Личность есть непостижимое, сверхрациональное, ни в какие внешние рамки не укладывающееся, свободно-спонтанное существо человека – тот глубочайший корень души, который сам человек сознает как некую абсолютно ценную, несказанную и непередаваемую тайну и подлинную реальность своего «я». Все, что человек делает, чему он служит, что заполняет его жизнь, только наслаивается на эту первооснову, держится ею и в конечном счете остается все же ей неадекватно. Это самое субъективное, самое личное в человеке, не укладывающееся ни в какие объективные рамки, есть вместе с тем то, что человек сознает как некую абсолютную реальность – как то, для чего и в отношении чего существует для него все остальное. Я уже указывал, что исторически идея личности, т. е. само осознание этого начала в той форме, в какой оно есть у современного человека, есть плод христианского откровения. Ни античность, ни ветхозаветный мир не знали его отчетливо, не знает его и восточный, внехристианский мир, например индусская мистика; в лучшем случае во всех них можно встретить либо более, либо менее смутные его чаяния; всюду в них отсутствует восприятие по крайней мере одного из основоположных моментов личности – именно абсолютной ценности и неразрушимости, неповторимой индивидуальности. Религиозная мысль впервые осознала несравнимую своеобразную реальность внутреннего личного бытия только в лице бл. Августина.

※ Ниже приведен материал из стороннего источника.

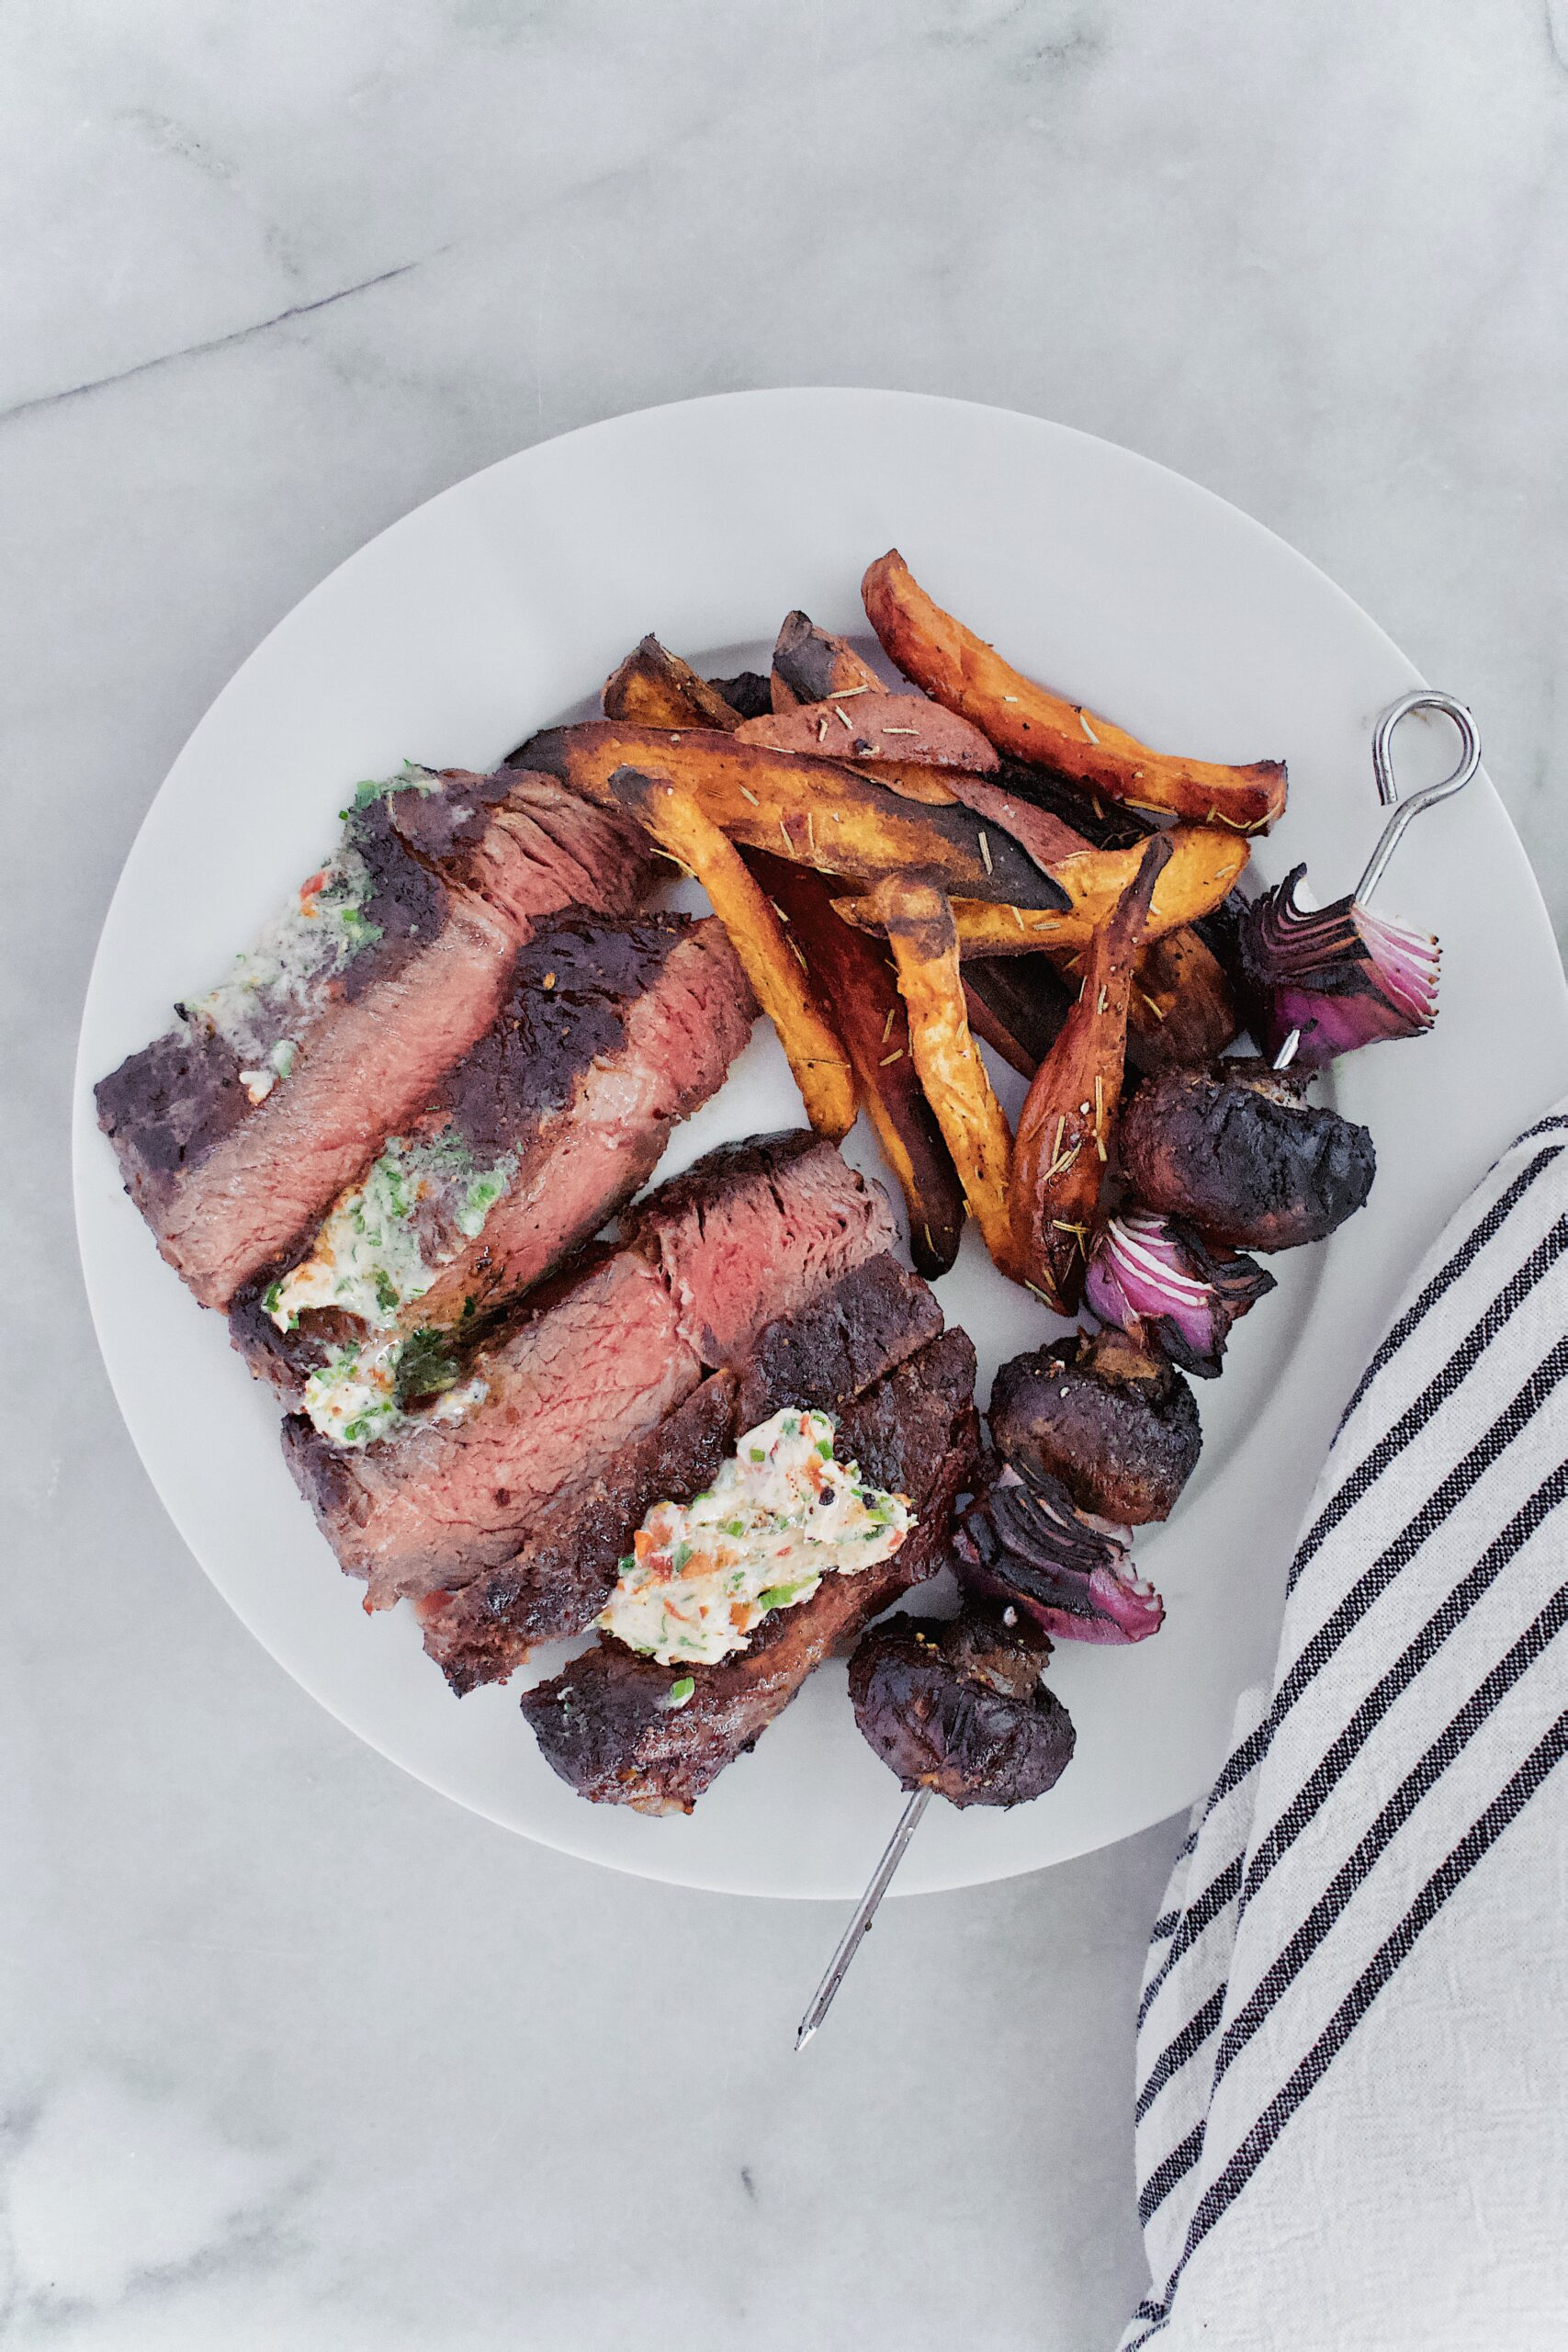 Joanna Gaines recipe for Becki's Herb Butter served on Rib Eye Steak

Христианство есть, таким образом, религия личности. Дело идет здесь не о том, что оно верует в личного Бога. Эта вера присуща в той или иной форме если не всем религиям, то их большинству; при известных условиях она принимает такую форму, что реальность личного Бога поглощает, подавляет, уничтожает человеческую личность, так дело обстоит в исламе, отчасти в ветхозаветной вере и даже, странным образом, в некоторых весьма влиятельных течениях христианской богословской мысли. В предыдущем размышлении я указывал также, что есть проблематичного в обычном, так сказать, банальном представлении о личном Боге. Подлинный смысл христианской веры, как бы центр ее тяжести, лежит в том, что идея Бога ставится в непосредственную связь с идеей реальности и абсолютной ценности человеческой личности. Христианство есть религия человеческой личности, религия персоналистическая и антропологическая. В ней человек впервые находит самого себя, находит приют и опору для того, что образует его несказанное существо и что неизбежно остается бесприютным в мире, что в лице разума и рационально-объективного нравственного начала встречает только непонимающего, бесчувственного и беспощадного судью.

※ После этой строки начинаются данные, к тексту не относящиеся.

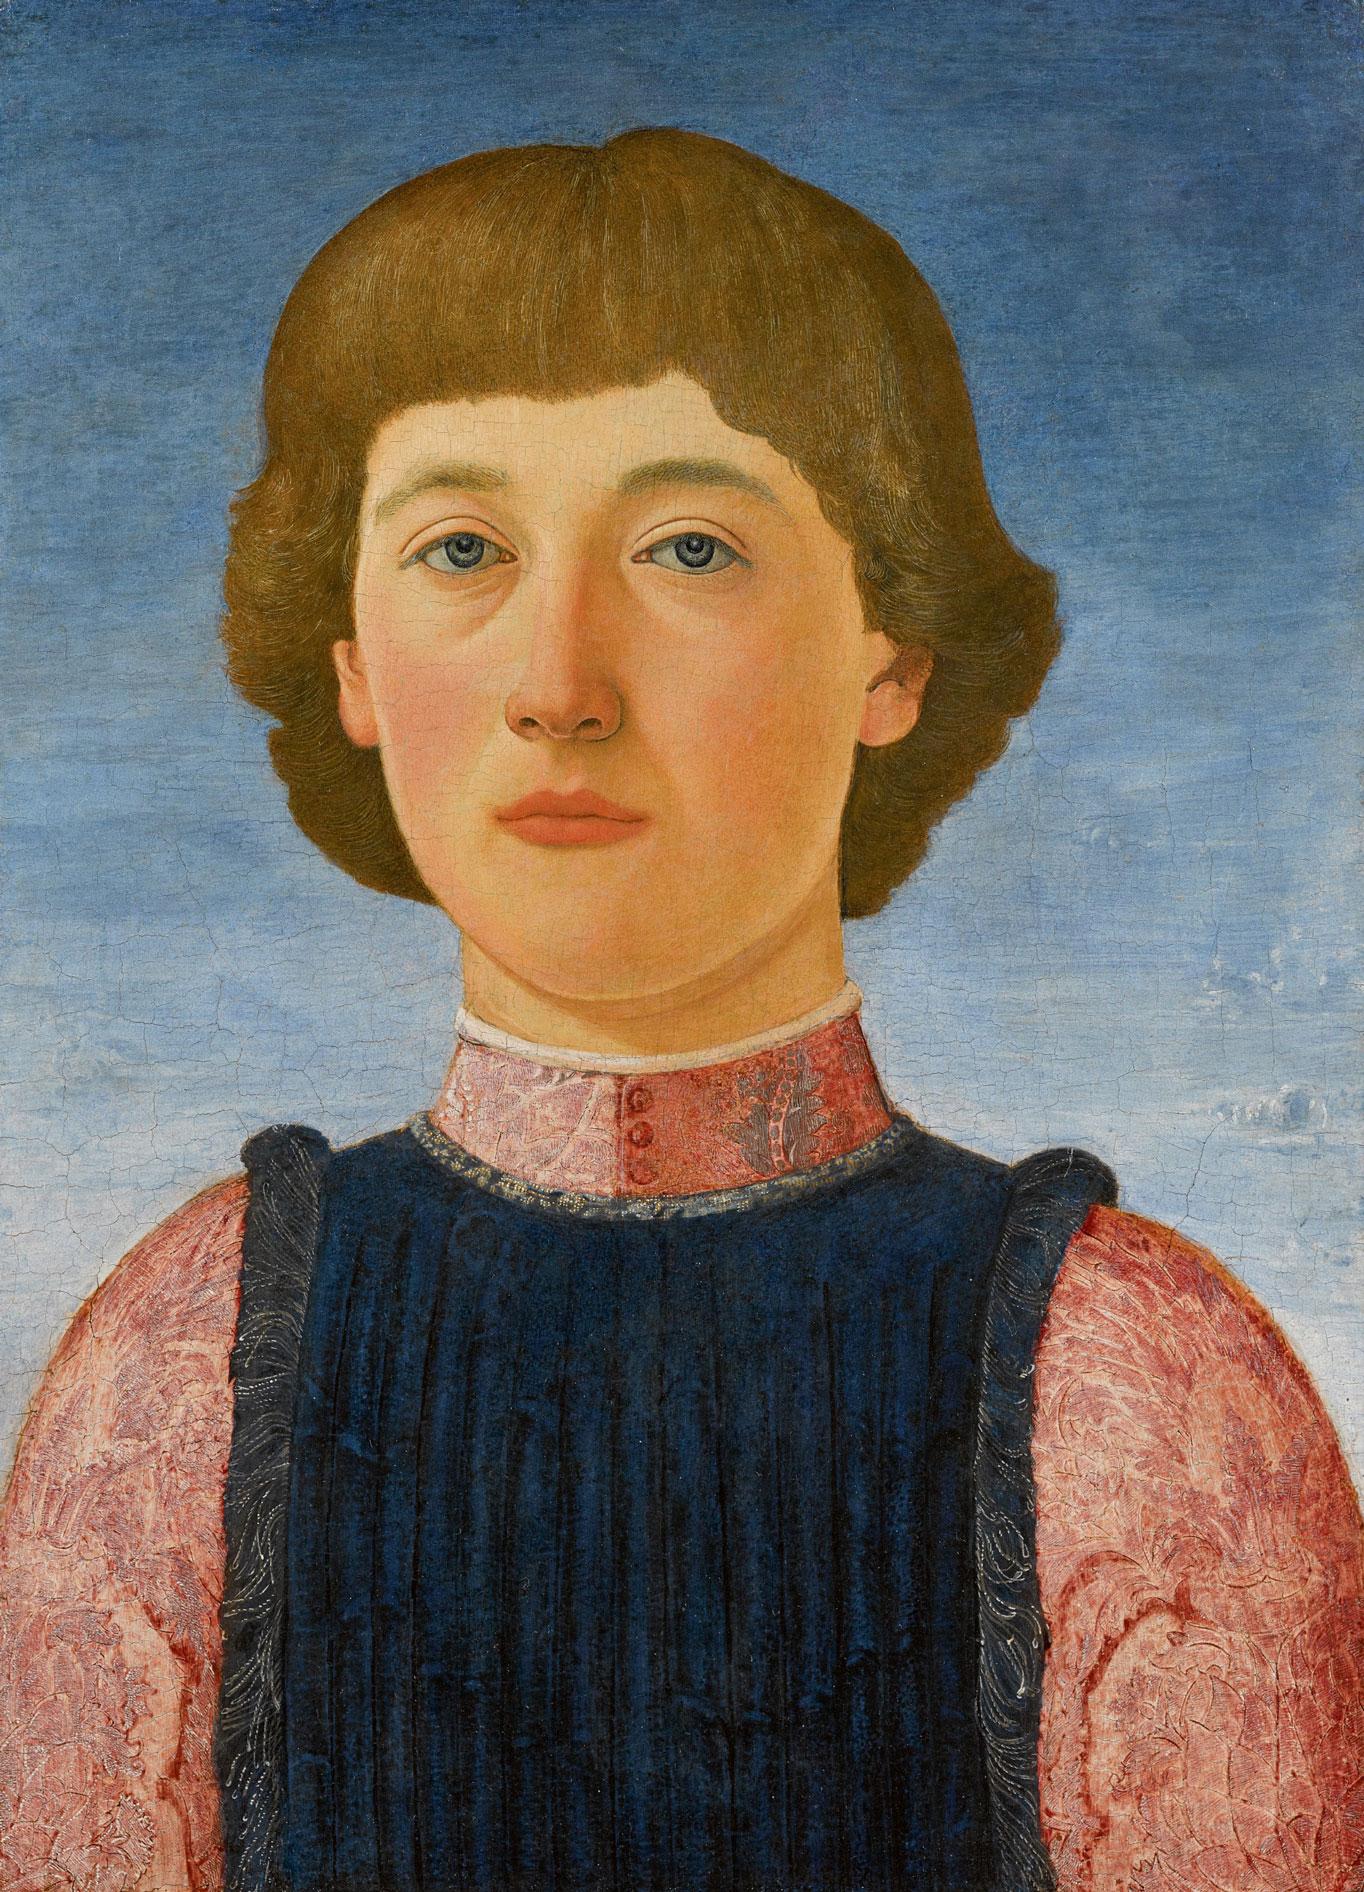 Lot-109,-Piero-del-Pollaiuolo_Portrait-of-a-Youth_Estimate-£4-6-million-(Custom).jpg

Этот персоналистический характер христианской веры, в силу которого она есть именно естественная религия человека, отвечающая последним, самым глубоким и тайным запросам его духа, находит свое выражение в своеобразии христианской морали и христианского отношения к морали. Это своеобразие часто недостаточно отчетливо воспринимается господствующими течениями богословской мысли.

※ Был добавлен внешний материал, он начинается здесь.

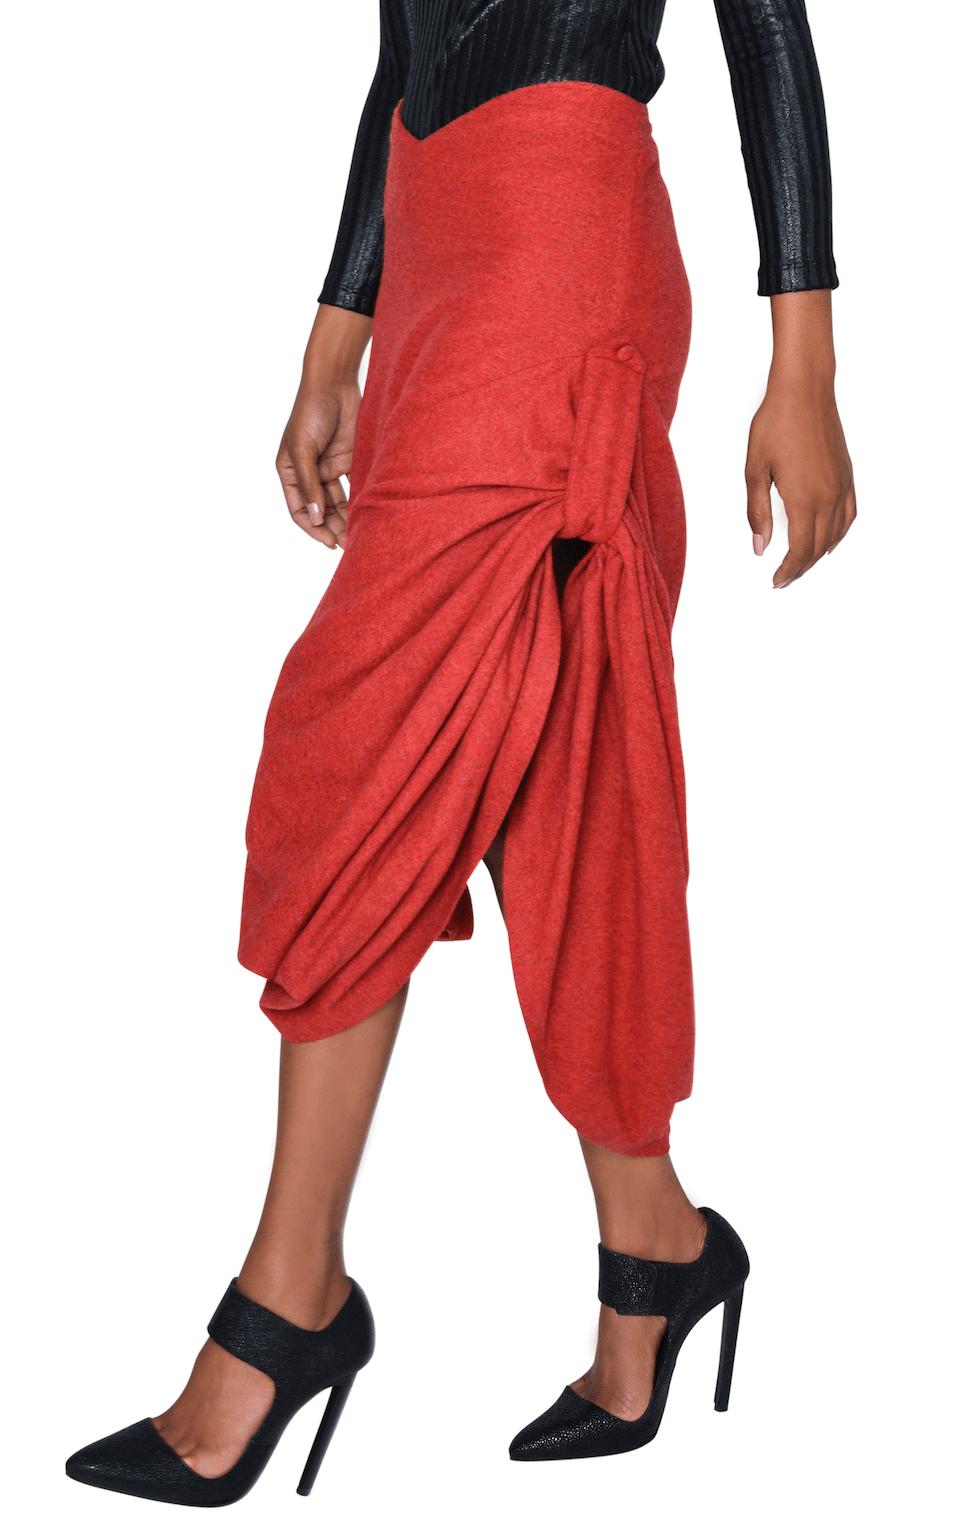 Skirt PLEINE 0

Мы должны прежде всего осознать своеобразие христианской морали. Обычное, как бы самоочевидное существо морали – все равно, религиозно санкционированной или безрелигиозной – состоит в оценке человеческого поведения, в предписании или запрещении определенных действий или поступков. Именно поэтому мораль имеет свое выражение в моральном законе, в неких общих нормах. Классический образец есть здесь ветхозаветный закон, как он выражен, например, в десяти заповедях, «не убий», «не прелюбодействуй», «не укради», «не лжесвидетельствуй», «не сотвори себе кумира», «соблюдай день субботний», «не произноси имя Бога всуе», даже там, где закон непосредственно направлен на побуждения или чувства – «чти отца и матерь своих», «не имей иных богов», «не пожелай дома и жены твоего ближнего» – эти побуждения и чувства мыслятся именно как мотивы поведения, и через них нормируется поведение. Известно также, что Ветхий Завет рядом с заповедями морального характера и более или менее на одном уровне с ними дает предписания богослужебного, ритуального порядка, правила питания и т. п. Античная мысль также понимает мораль, как естественное право. Замечательно, что и самая передовая, нерелигиозная, светская, гражданская мораль новейшего времени носит в принципе совершенно тот же характер, добро и зло, предписанное и запрещенное, касается поступков, поведения; и на практике правила приличия, вежливости, так называемые конвенциональные нормы и по своей обязательности, и по нормируемому ими предмету не отличаются существенно от норм морали.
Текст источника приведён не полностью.